Studies in the field of human behavioral genetics have shown that a it is always a combination of your genes and the environment lead to certain behavioral traits (see the last post on this blog http://meetyourself.co/2015/04/twins/).
However, there are a few cases in the animal kingdom, where a gene is directly responsible for a certain kind of behavior, regardless of the environment. Remarkably, in the fruit fly, Drosophila melanogaster (those annoying little things that swarm your untouched fruit basket), a gene, deliciously named ‘fruitless’ has been shown to play a direct role in the mating behavior of these flies! In an intriguing paper published in Cell around a decade ago, researchers found that by modifying this ‘fruitless’ gene, male fruit flies completely lose their ability to attract and mate with a female fly.
These little fruit flies that you invariably find in your kitchen display a remarkable courtship behavior, especially the males. This behavior is innately built into the make up of the male flies and is extremely elaborate and uniform. Picture this…first the male fly orients himself towards the female, before tapping her with his forelegs. Next he sings her a song that is species specific (obviously you and I cannot enjoy this musical fiesta). this song is produced by one wing of the fly, which he flaps around. Finally, the male indulges himself by licking the females genitalia before curling his abdomen in anticipation.
It is important to keep in mind that while the females have this gene as well, they do not display the behavior that the males do.

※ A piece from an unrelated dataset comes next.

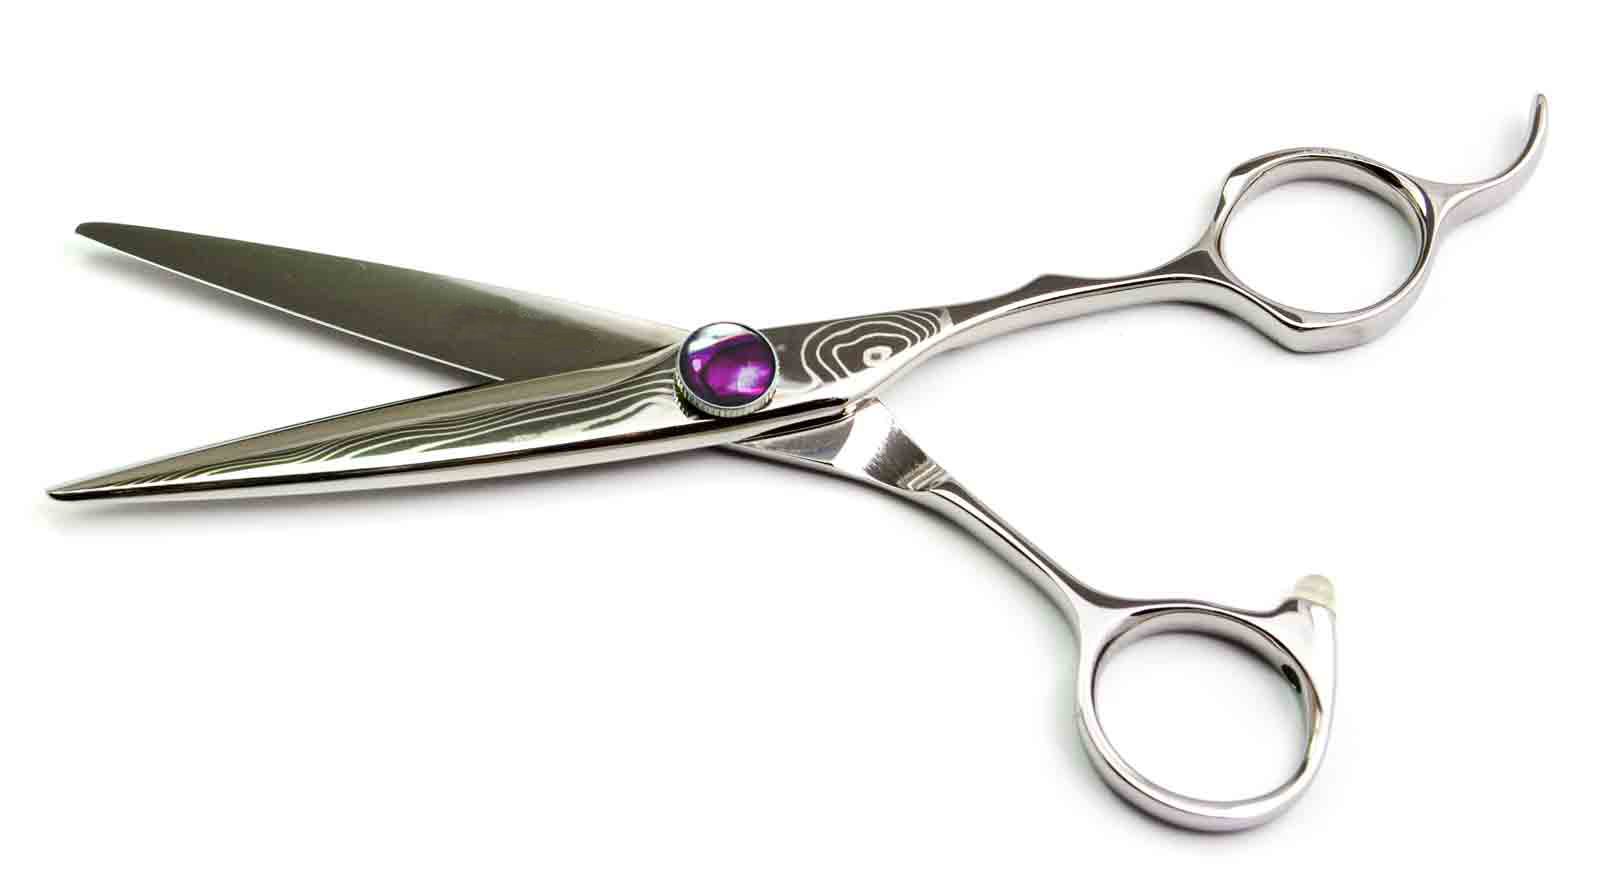 wallpaper scissors,scissors,hair shear,cutting tool,office supplies,fashion accessory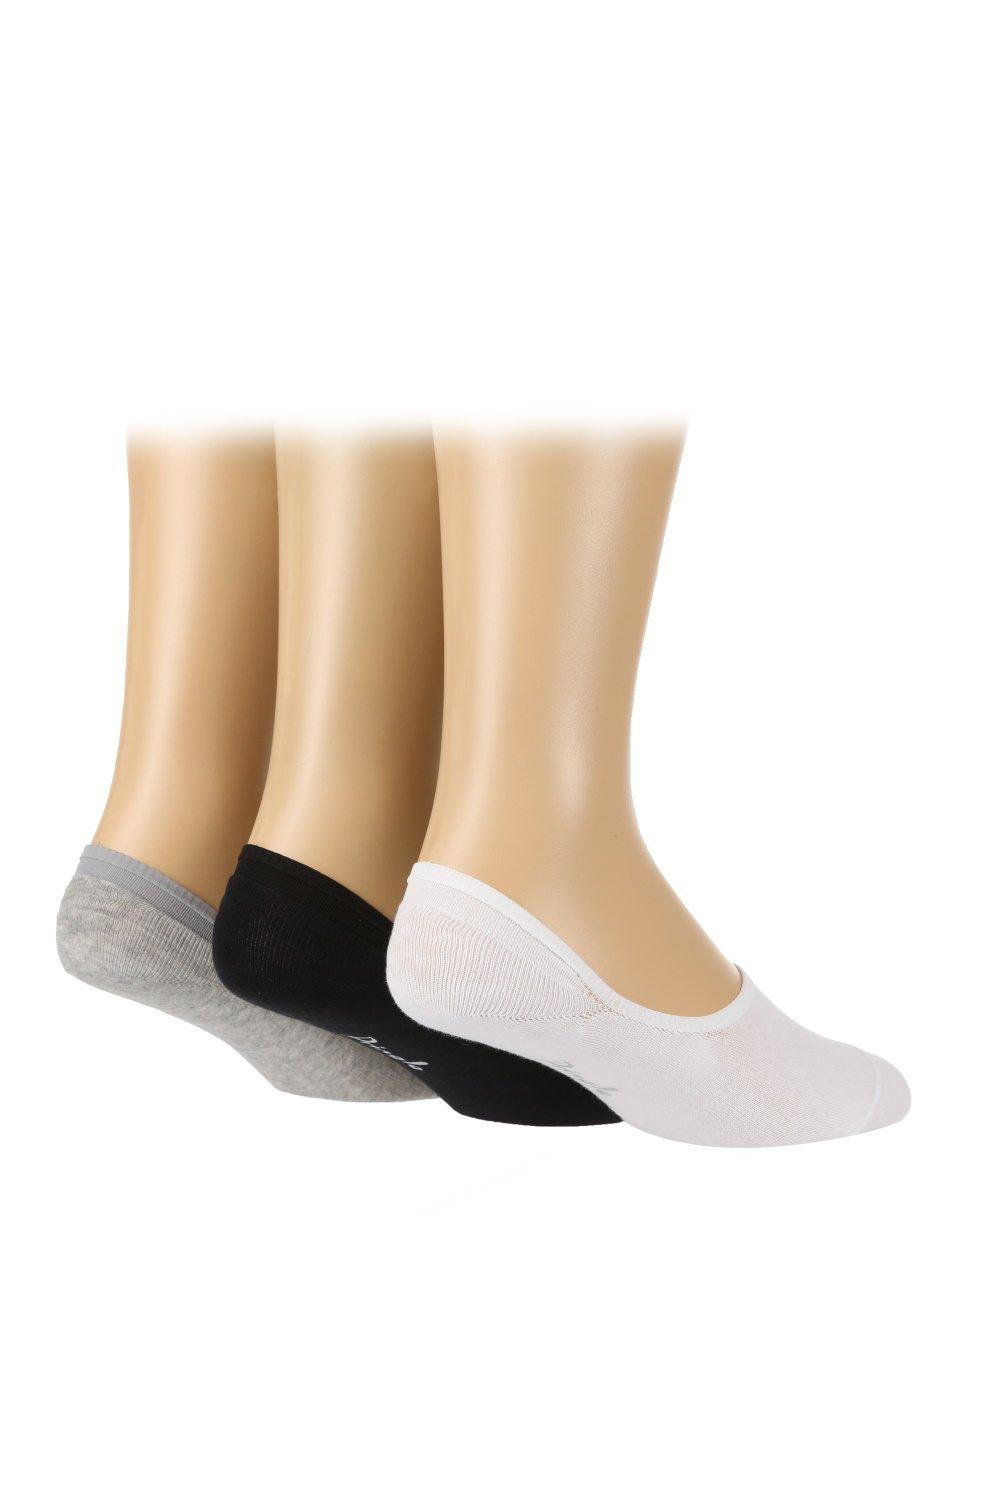 3 Pair Pack Cotton Shoe Liner Socks

Amazingly, this paper showed that when the ‘fruitless’ gene in female flies was modified in the same manner that it is in the males, the FEMALES displayed the same courtship behavior that males do! Vice versa, when the ‘fruitless’ gene was modified in the same manner as in the female, the male flies completely lost their ability to perform the entire courtship ritual!
This study showed that it is indeed possible for one gene to influence a complex behavioral pattern!
Interestingly, in humans, the only gene that comes close to determining a behavior is the role of the serotonin transporter gene in influencing depression. Even this is very controversial.
Of course, we are extremely complicated creatures, and perhaps it will be difficult to find a scenario where one single gene influences some aspects of our behavior. However, these kinds of studies in other animals and insects suggest that these genes do exist on our planet.